BEGIN Source material
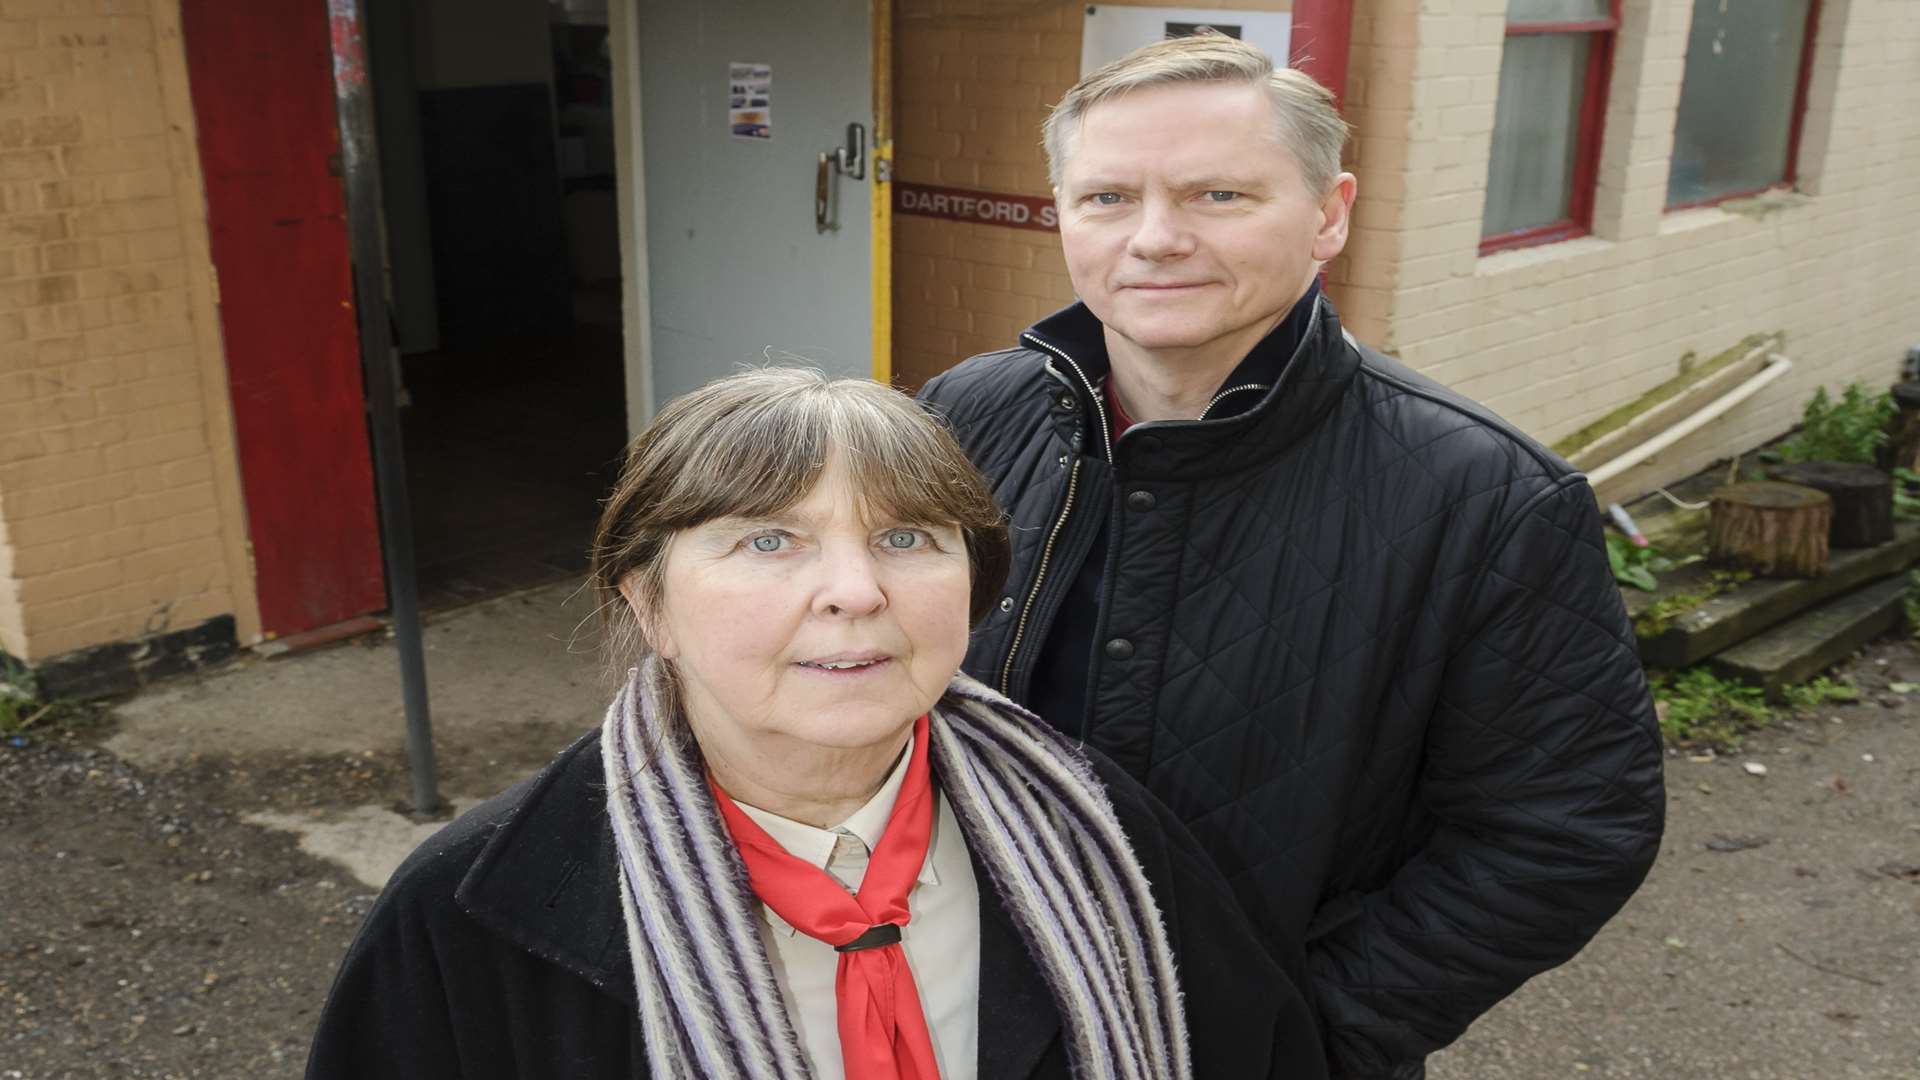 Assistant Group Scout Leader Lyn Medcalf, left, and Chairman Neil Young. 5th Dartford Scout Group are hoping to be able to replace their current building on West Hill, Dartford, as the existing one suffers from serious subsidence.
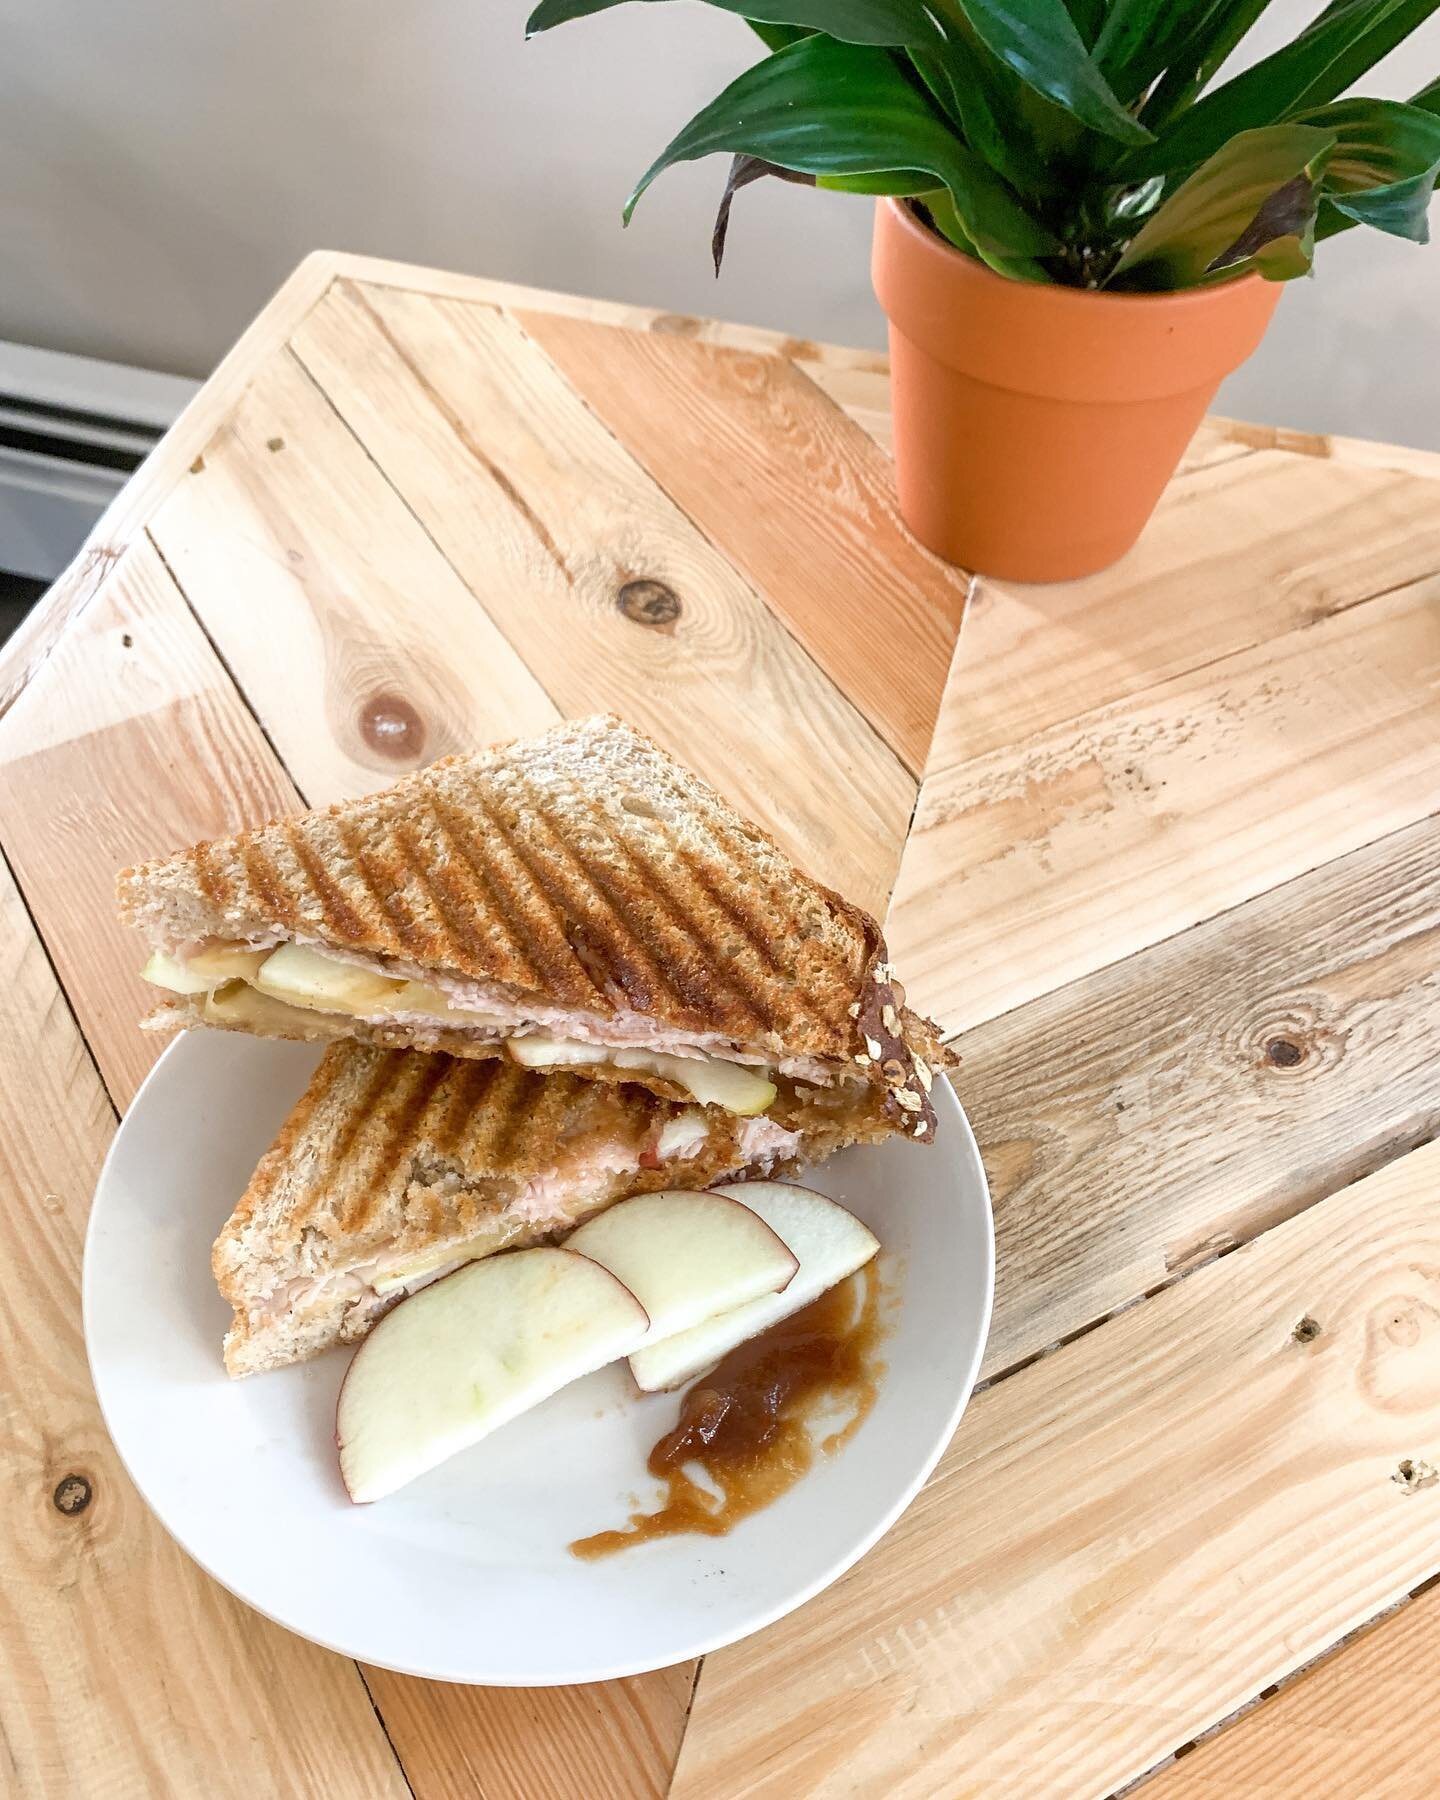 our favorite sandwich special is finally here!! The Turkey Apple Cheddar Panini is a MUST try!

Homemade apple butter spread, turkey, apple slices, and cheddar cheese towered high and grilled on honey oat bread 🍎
END Source material
**Exercise brief**:
Beginning with the line that contains "our favorite sandwich", write out the remaining lines of the listing above through the last, exactly and only those, without pictures.

**Exercise response**:
 our favorite sandwich special is finally here!! The Turkey Apple Cheddar Panini is a MUST try!

Homemade apple butter spread, turkey, apple slices, and cheddar cheese towered high and grilled on honey oat bread 🍎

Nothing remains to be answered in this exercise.